特德·休斯

巴黎评论 编辑部 第2页,共2页

《巴黎评论》:你怎么看埃兹拉·庞德?他给你带来愉悦吗?

休斯:是,他能,仍然能。作为一个人物,他没有令人迷恋的人格力量,例如比不上艾略特或者叶芝。也许因为他内在的进化,或者不管叫什么,叶芝是支离破碎的,因为从外部承接来的好斗姿态而显得内在紊乱。人也许因为感觉到一种涣散所以退缩不前。但他的那么多诗歌在我看来都各有其精彩之处。

《巴黎评论》:你与马克·斯特兰德(markstrand)以及默温都有交往。和你的作品相比,你怎么看?

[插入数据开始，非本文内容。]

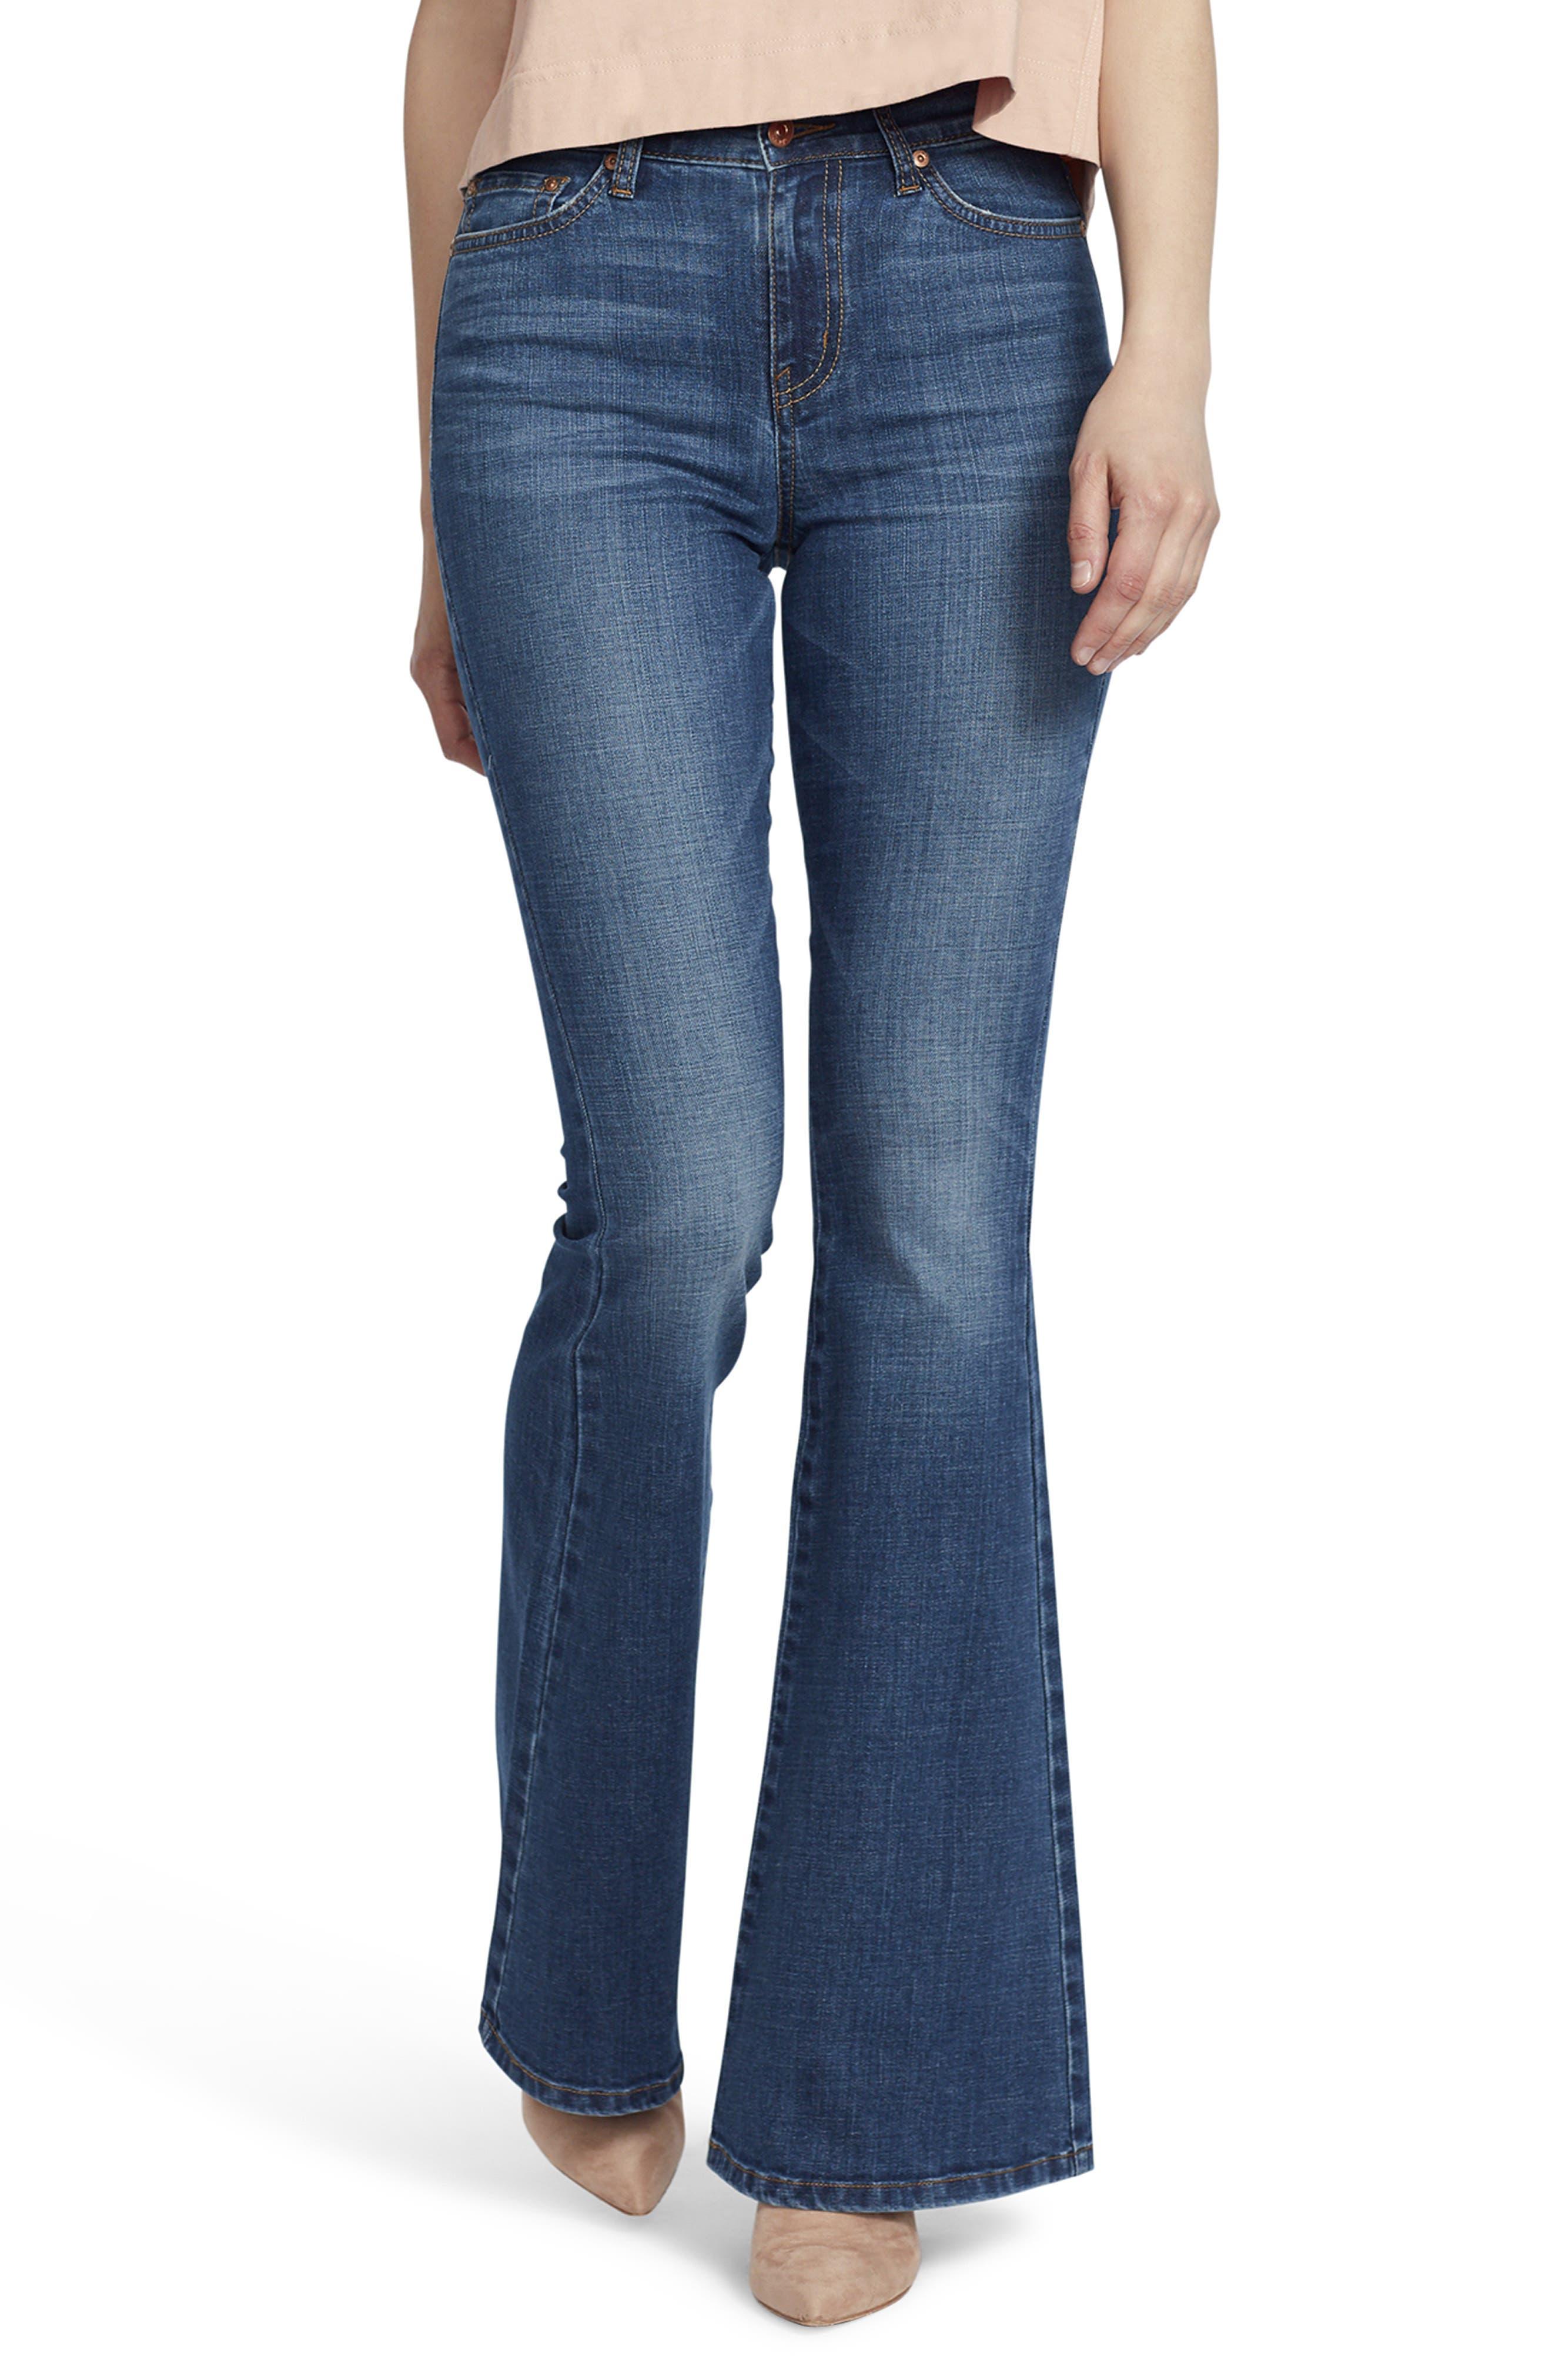 Ella Moss High Waist Flare Jeans (Naomi)

休斯:我非常了解默温的作品。对马克·斯特兰德就没那么熟,虽然我只要看到就会很认真地读。我和默温一直很近。我在五十年代末通过杰克·斯温尼(jacksweeney)认识了他,当时斯温尼管理着哈佛的拉蒙诗歌图书馆。默温夫妇在伦敦有一所房子,西尔维亚和我在一九五九年末回到伦敦时,他们在现实的以及其他诸多方面给予我们很多帮助。狄多·默温给我们找了公寓,然后半装修了一下,又在我们女儿出生后给西尔维亚煮东西吃。那是我与默温友谊的最高点。那时他对我来说是一位重要作家。那也是他诗歌生涯中的一个关键时刻——正在经历非常大的转变,正从它的蛹中蜕变出来。我觉得因为我们如此接近,住得相隔几百码,他的内在变化也是渗透我们之间感情流的一部分。对我来说非常重要。那时候我开始走出第二部诗集,进入第三部,也就是后来题为《林怪》的书。他也帮我从蛹中蜕变出来。部分蜕变出来。稍晚一点,当普拉斯在一九六二年初开始写《爱丽儿》诗作时,他对她也很重要。《爱丽儿》背后隐藏的一条供电线是默温当时为英国广播公司翻译的一组聂鲁达诗作。我还有她的副本。帮助她的不只是聂鲁达,而是她看出了默温借用聂鲁达的方式。这不是她唯一的供电线,但确实是其中一条。我认为默温比我想到的所有当代英美作者在这条路上都走得更远。惊人的资源和技能。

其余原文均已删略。